MD Union Labor and Christ's Green Resurrection

Terrance lycidas2 at earthlink.net
Sat Apr 6 13:43:01 CST 2002


Many people in the mining industry held to a belief that bad luck
follows
those who work during the Easter season. In 1893 Easter was celebrated
on April 2. The following day, a mine flood in Laurel Hill claimed the
lives
of three men. Many others narrowly escaped. Years earlier, also on
Easter
Monday, 10 men died in a cave-in at Raven Run. Unrelated to the
superstition was a dynamite explosion that occurred at the Silver Brook
Colliery, south of McAdoo, in 1896. The blast killed six men.

http://www.standardspeaker.com/history/mishaps.htm

I was born one mornin' when the sun didn't shine
I picked up my shovel and I walked to the mine
I loaded sixteen tons of number nine coal
And the straw boss said "Well, a-bless my soul"
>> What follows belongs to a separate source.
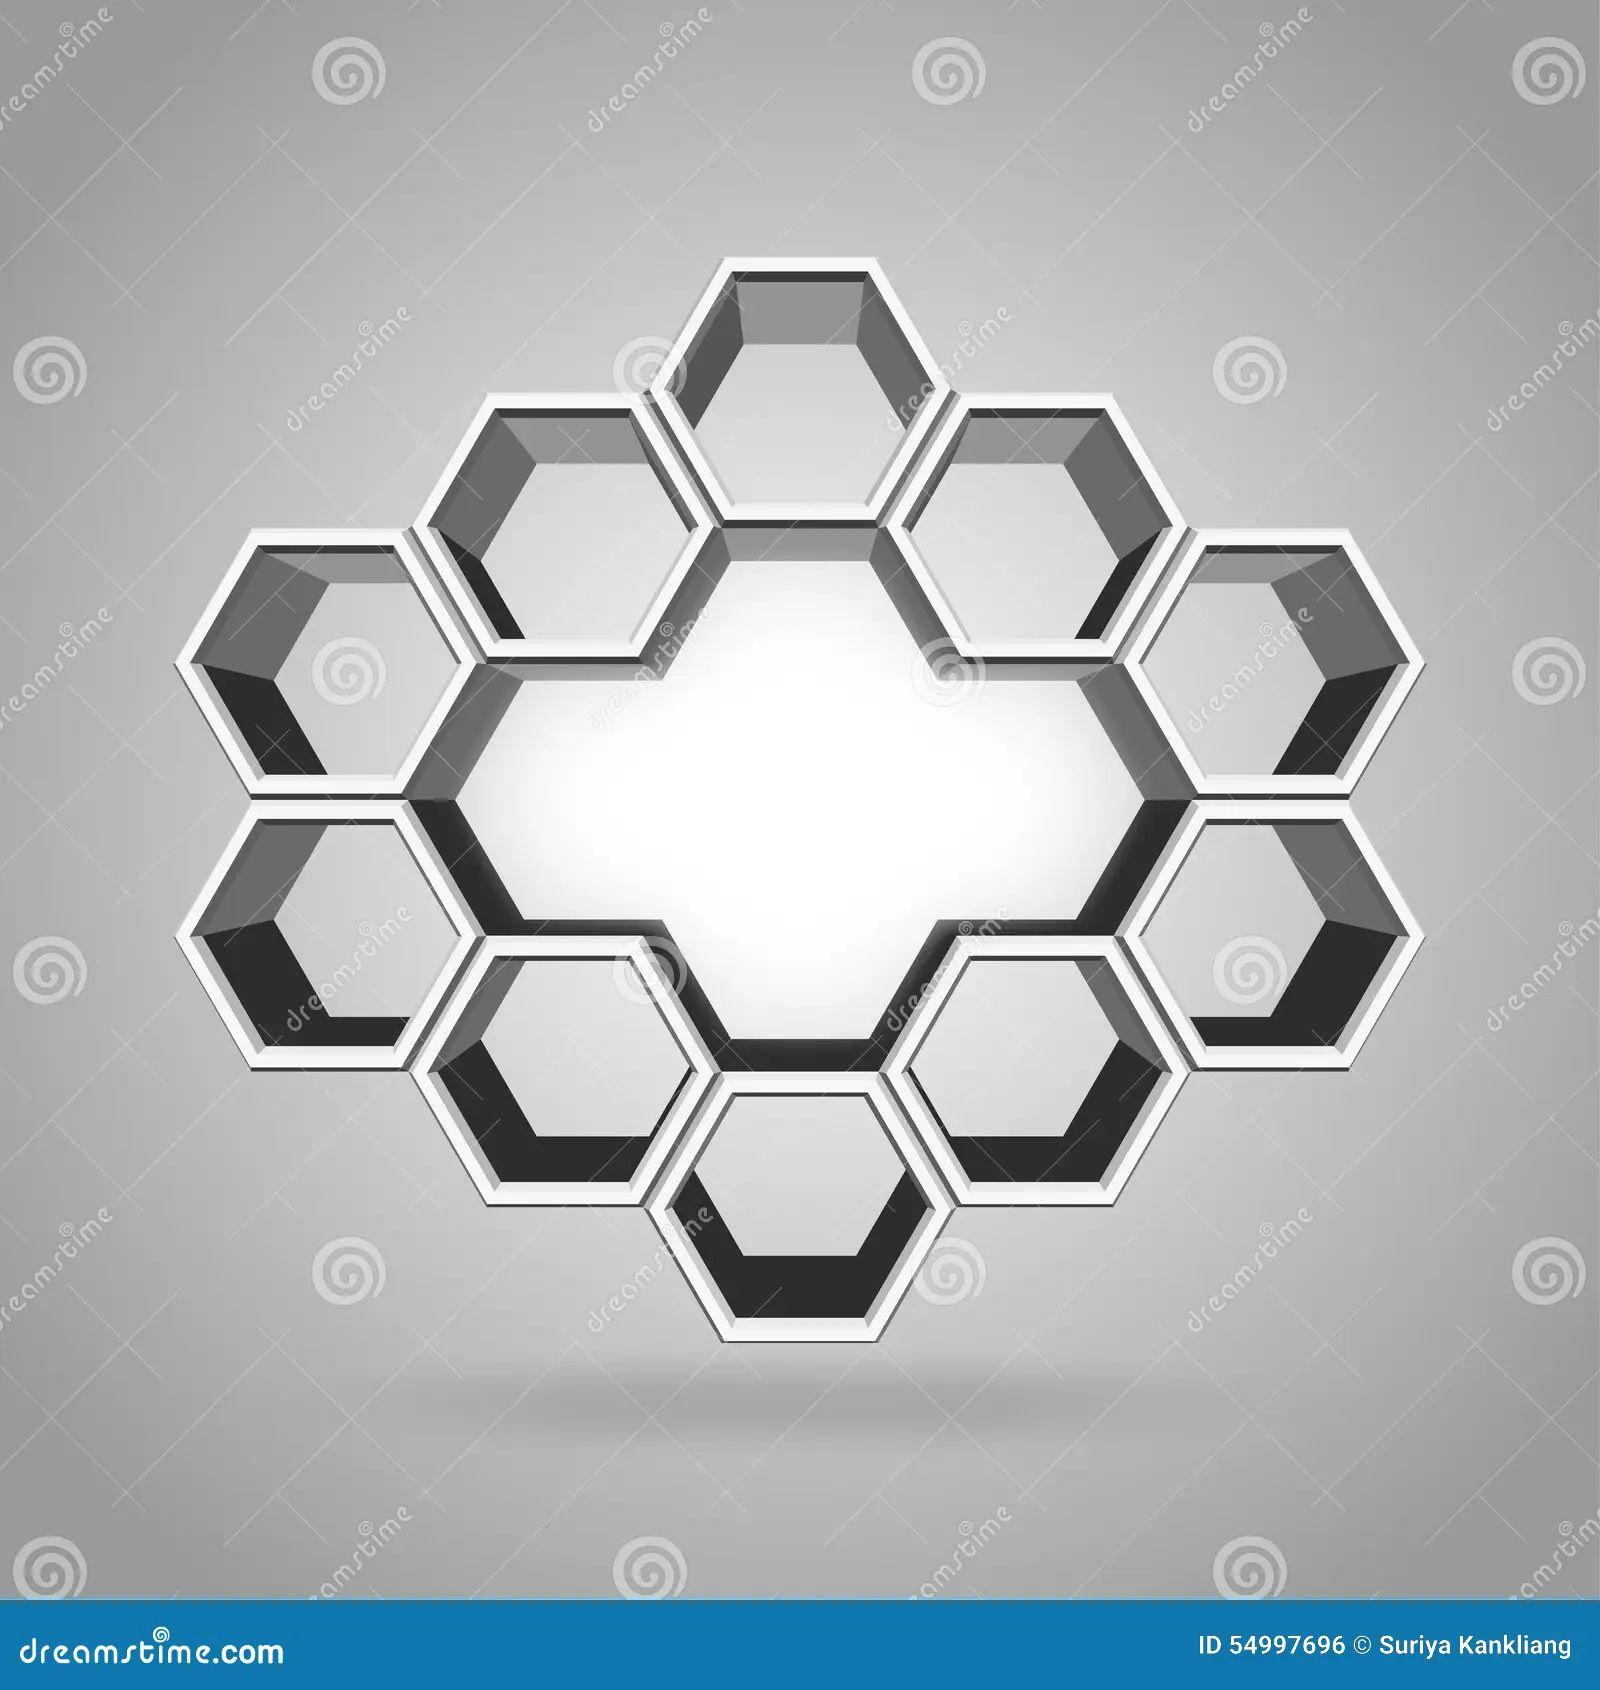 Royalty free vector hexagon pattern

If you see me comin', better step aside
A lotta men didn't, a lotta men died
One fist of iron, the other of steel
If the right one don't a-get you, then the left one will

You load sixteen tons, what do you get?
Another day older and deeper in debt
Saint Peter don't you call me 'cause I can't go
I owe my soul to the company store

"Why, the Collier sailors belive 'tis bad luck...?" Dixohn replies..."it
being the day of Christ's Execution."   MD.26

"All thah' Coal-Mining, I guess." MD.42

He doesn't fancy or imagine, but guess.